Faculty members presenting will include Steven Bleicher, professor of visual arts; Louis Keiner, associate professor of physics; Megan McIlreavy, associate professor of psychology, and Renée Smith, professor of philosophy.

"Most of us could not imagine life without color," says series coordinator Julinna Oxley. "At the same time, very few of us stop to think what color and color experience are. Is color a real aspect of the world, or is it really just a property of experience?"

Bleicher will explain why color is the most important of all of the elements of art and design. He will illustrate how color affects our product selection and show examples of the ways that artists and designers use color both to convey and arouse emotion in their works.

Keiner will explain the physical processes that allow us to see color. He will follow the path of a light wave as it interacts with an object in the environment and then travels to our eye. He will then explain the interaction of that light wave with the color cones in our eye, and explain how this produces in the brain the sensation of color.

McIlreavy will discuss the origins of human vision and the perception of color from a developmental perspective. She will focus on methodologies for understanding infants' color perception and how (and perhaps why) it changes during the first few months after birth. While newborns are not color blind, they do not see colors well, yet this ability develops rapidly in infancy.

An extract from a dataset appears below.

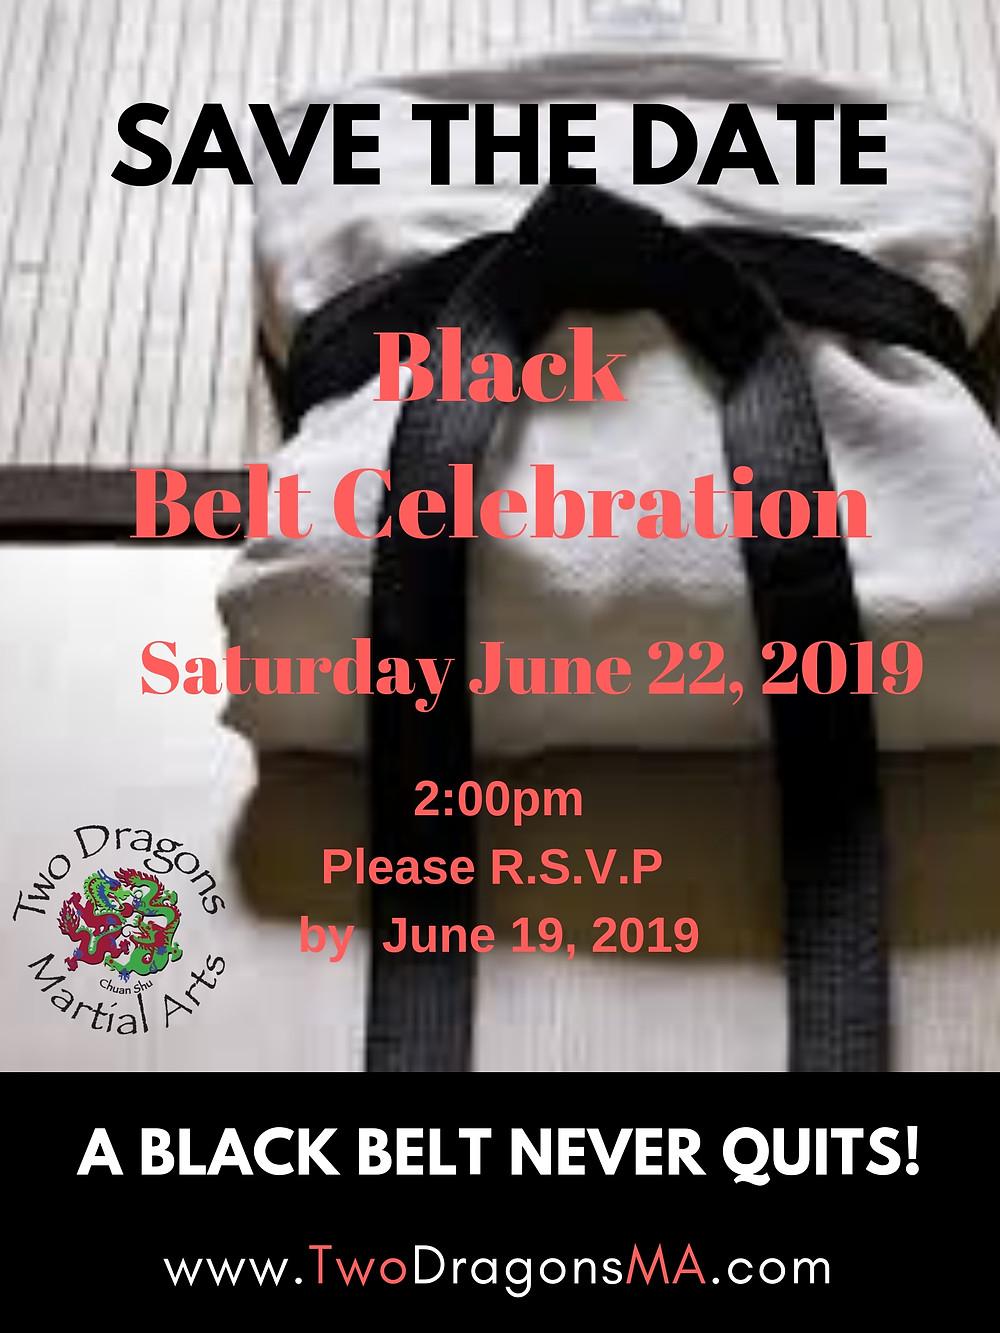 Saturday June 22, 2019

Smith will raise questions about the nature of color that result from the conflict between how we experience the world and how science describes it. The problem of color brings together several areas of philosophy -- metaphysics, epistemology and philosophy of mind -- and leads us to examine the relationship between mind and world. Exploring questions about the nature of color shows how science and philosophy complement each other to enrich our understanding of the world in which we live.